Девочки остаются в темноте в полном недоумении, и лишь спустя долгую минуту начинают хихикать. Все, кроме Марии. Она все еще думает об электрике.

А потом появился солдат.

Это было в мае, в один из светлых теплых звенящих дней, и Мария занималась ответственным делом — поливала розы у проселочной дороги. Она уже долго жила в Аннебьерге и была готова к надвигающемуся событию, а именно к тому, что на дороге появляется солдат. Идет он нетвердой походкой, потому что все его внимание сосредоточено на загорелых икрах Марии, ее выгоревших на солнце волосах, привычных к работе руках, озорных глазах, и все такое прочее. У солдата светлые волосы, голубые глаза и широкие плечи. Одет он в узкие белые брюки и синюю форменную рубашку — он морской пехотинец. Видно, что он малый не промах и по всем статьям образцовый и неотразимый датский солдат.

Но это немецкий солдат. Для Марии это не имело никакого значения, она едва потом смогла вспомнить этот факт, но я сразу обратил на него внимание. Солдат был немцем, и это могло стать для Марии первым свидетельством того, что Дания уже больше года была оккупирована Германией.

Времени на размышления не было. Да и что толку стоять и смотреть друг на друга, разинув рот. Мария оставляет лейку и отправляется вслед за солдатом, шагая в ногу. Какое-то время они так идут, посмеиваясь себе под нос, а потом она нагоняет его и дальше идет рядом с ним, а Аннебьерг тем временем пропадает из виду, и они уже минуют Нюкёпинг.

Пока они исчезают вдали, и Мария даже ни разу не оборачивается, я размышляю, почему она так поступает?
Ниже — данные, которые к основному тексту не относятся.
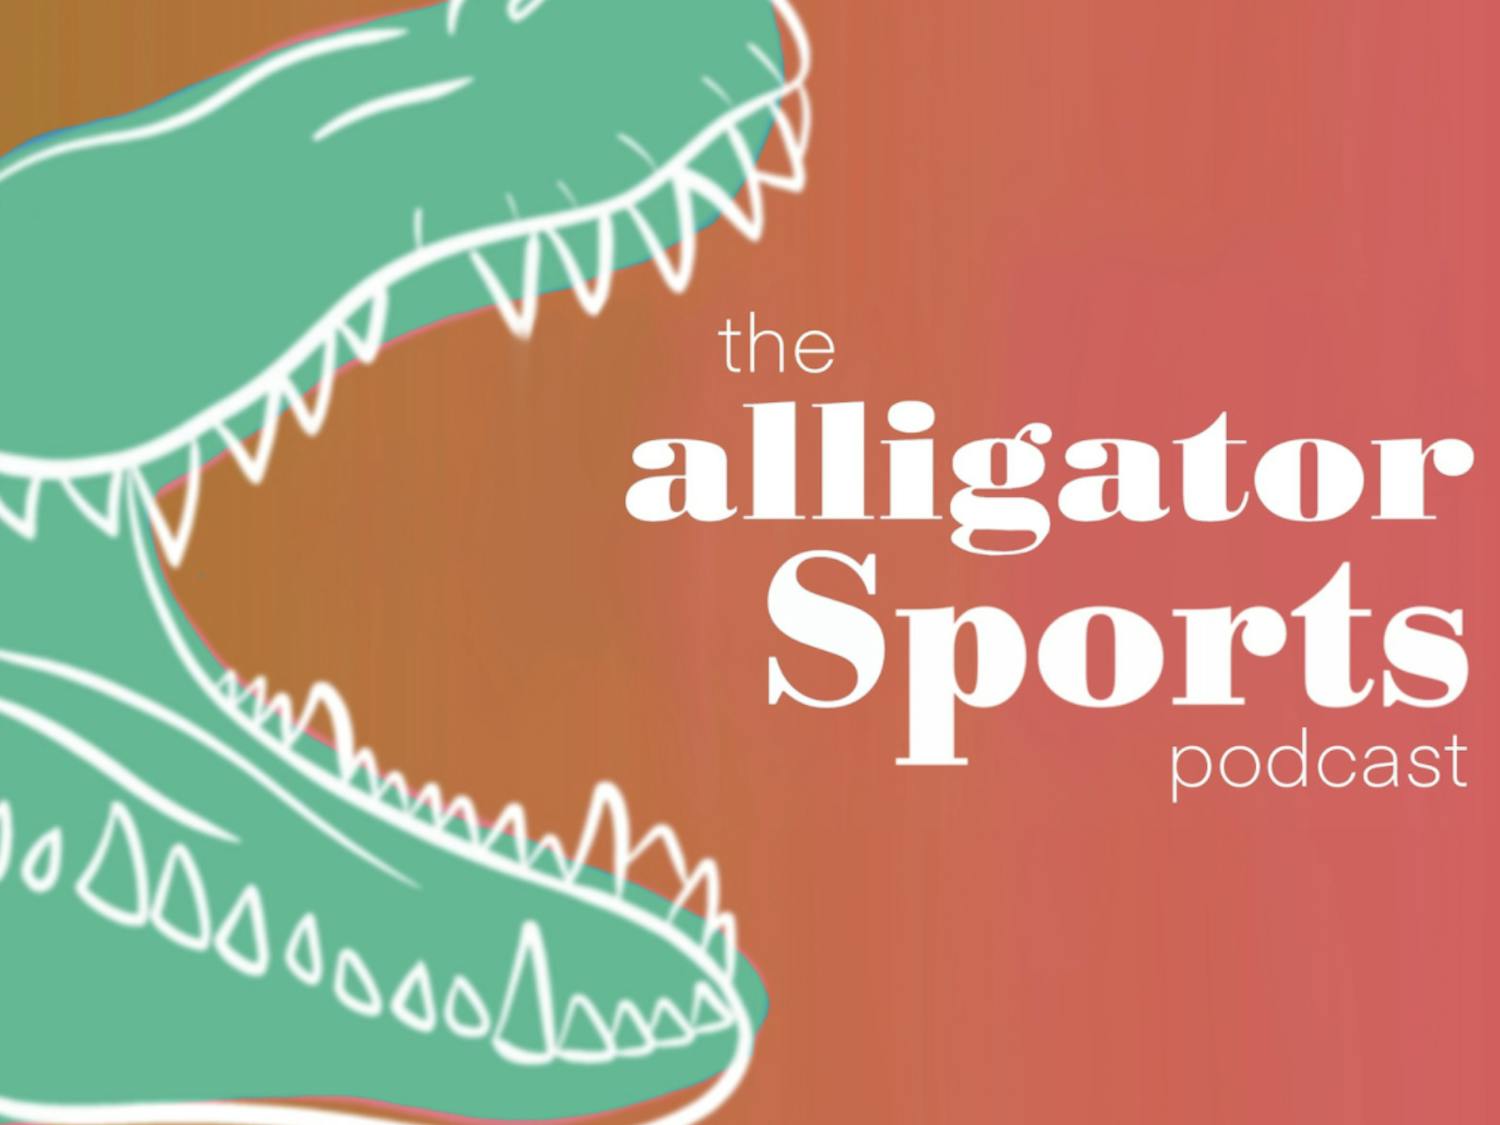 alligatorSports podcast logo.

Почему она убегает, а не остается в Аннебьерге, где она вполне счастлива? Мне кажется, что и тогда, и позже представления Марии о счастливой жизни предполагали именно такое существование, как в Аннебьерге, — привычное ощущение защищенности, завтрак, обед и ужин в одно и то же время, раз в две недели — пение и танцы. Почему же она все-таки последовала за солдатом?

Если сказать, что Мария искала любовь, то это будет слишком банально. Это совсем неубедительный ответ, к тому же он никак не согласуется с реальными событиями. Вскоре после того, как она сбежала, в тот же день, она оказалась с этим солдатом в кузове грузовика. Он хочет взять ее за руку, но она отдергивает руку, он склоняется к ней, чтобы поцеловать ее, но она прячет от него свои розовые губки, и тогда он думает, что, вероятно, этот маленький лютик, эта Snuggiputzilein[46] ожидает от него решительных действий, он пытается расстегнуть ее форменную блузку — и внезапно оказывается на дороге: на повороте он вылетает из кузова, после чего наблюдает быстро удаляющийся грузовик. Так что если Мария и искала любви, то, во всяком случае, не первой попавшейся.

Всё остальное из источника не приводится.